SVT-AV1 1.0 Performance Improvements

The release of SVT-AV1 version 1.0 marked a major milestone for the open-source AV1 video encoder, delivering massive speedups, significantly reduced memory usage, and refined preset tunings. This article explores the most significant performance improvements introduced in libsvtav1 v1.0, highlighting how architectural optimizations, AVX2/AVX-512 instruction sets, and trade-off adjustments made AV1 encoding faster and highly viable for real-time and production workloads.

Refined Preset Architecture and Speedups

SVT-AV1 v1.0 overhauled its preset system (ranging from 0 to 13) to offer a much better trade-off between encoding speed and visual quality.
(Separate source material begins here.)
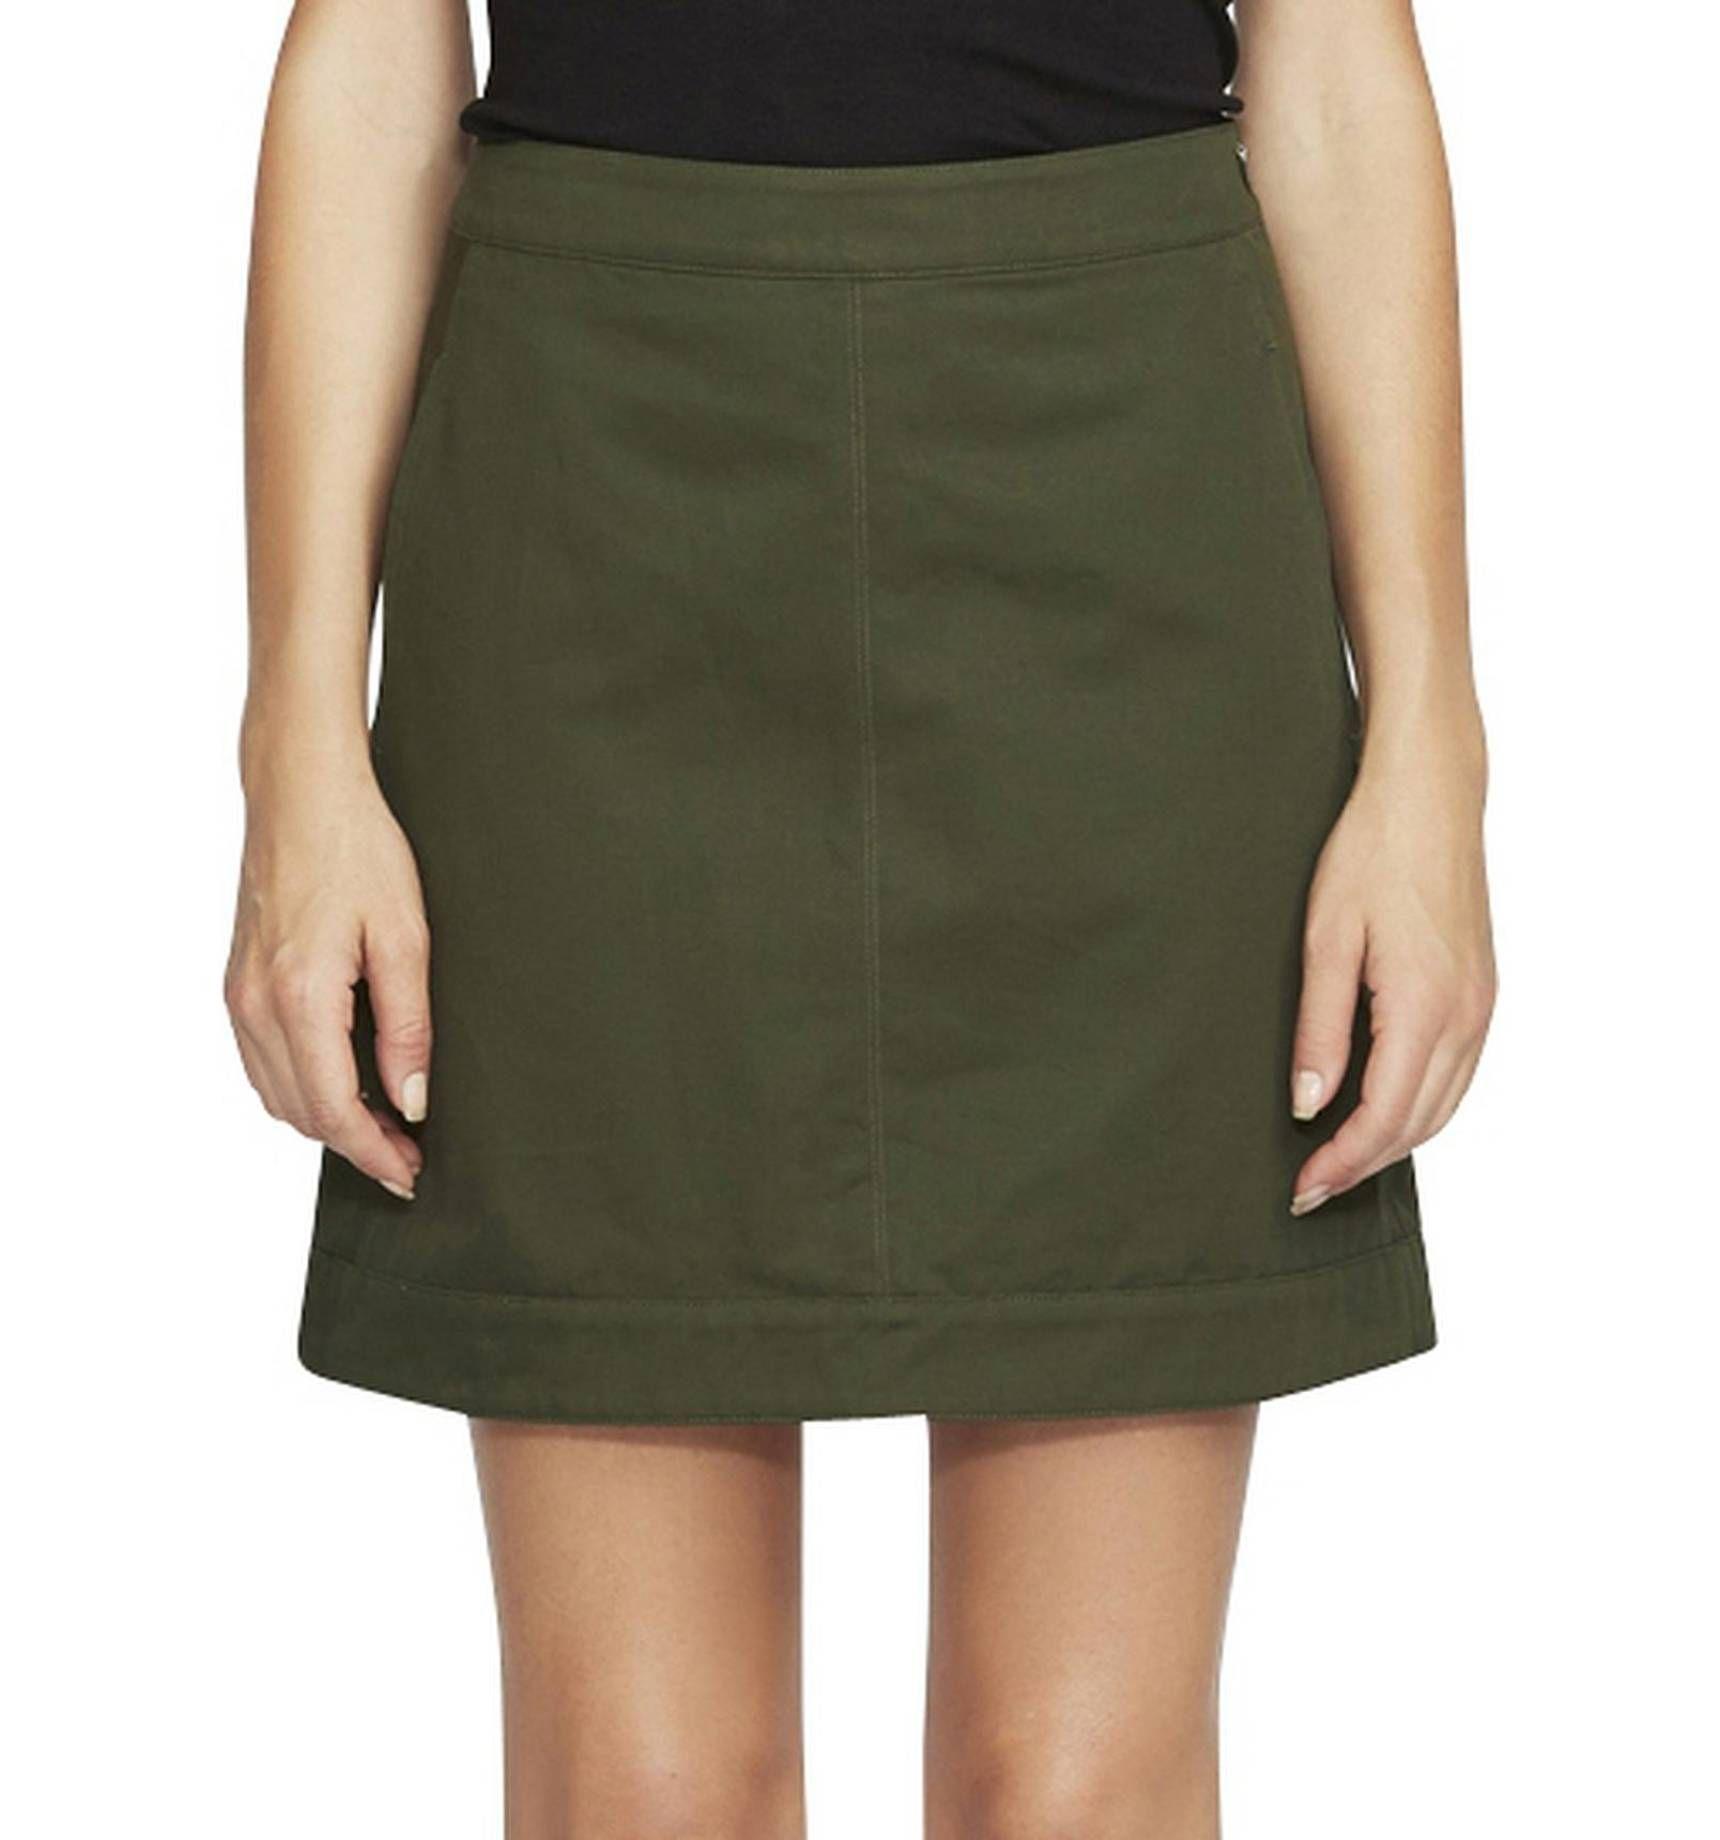 Wooster Basic Skirt C&M (With images) Basic skirt

High-Speed Presets: Presets 9 through 13 were optimized to enable real-time and super-real-time encoding. Preset 10, in particular, became a popular sweet spot, offering near-real-time 4K encoding and high-speed 1080p encoding with minimal impact on compression efficiency.
Low-Speed Presets: Presets 0 through 3, which target maximum quality and archival encoding, received deep architectural optimizations. These changes reduced encoding times by up to 30-40% at these ultra-high-quality levels compared to older versions, while maintaining excellent VMAF (Video Multi-Method Assessment Fusion) scores.

Comprehensive Assembly and SIMD Optimizations

To maximize hardware utilization, libsvtav1 v1.0 introduced extensive AVX2 and AVX-512 assembly optimizations.

Motion Estimation and SAD/SSD: The encoder’s Sum of Absolute Differences (SAD) and Sum of Squared Differences (SSD) calculation engines were rewritten to leverage modern CPU vector instructions. This significantly accelerated the motion estimation phase, which is traditionally the most compute-intensive part of video encoding.
Intra-Prediction and Transforms: Hand-written assembly optimizations were added for block-copy, intra-prediction, and forward/inverse transform stages. This directly reduced CPU cycle consumption per frame across all modern AMD and Intel processors.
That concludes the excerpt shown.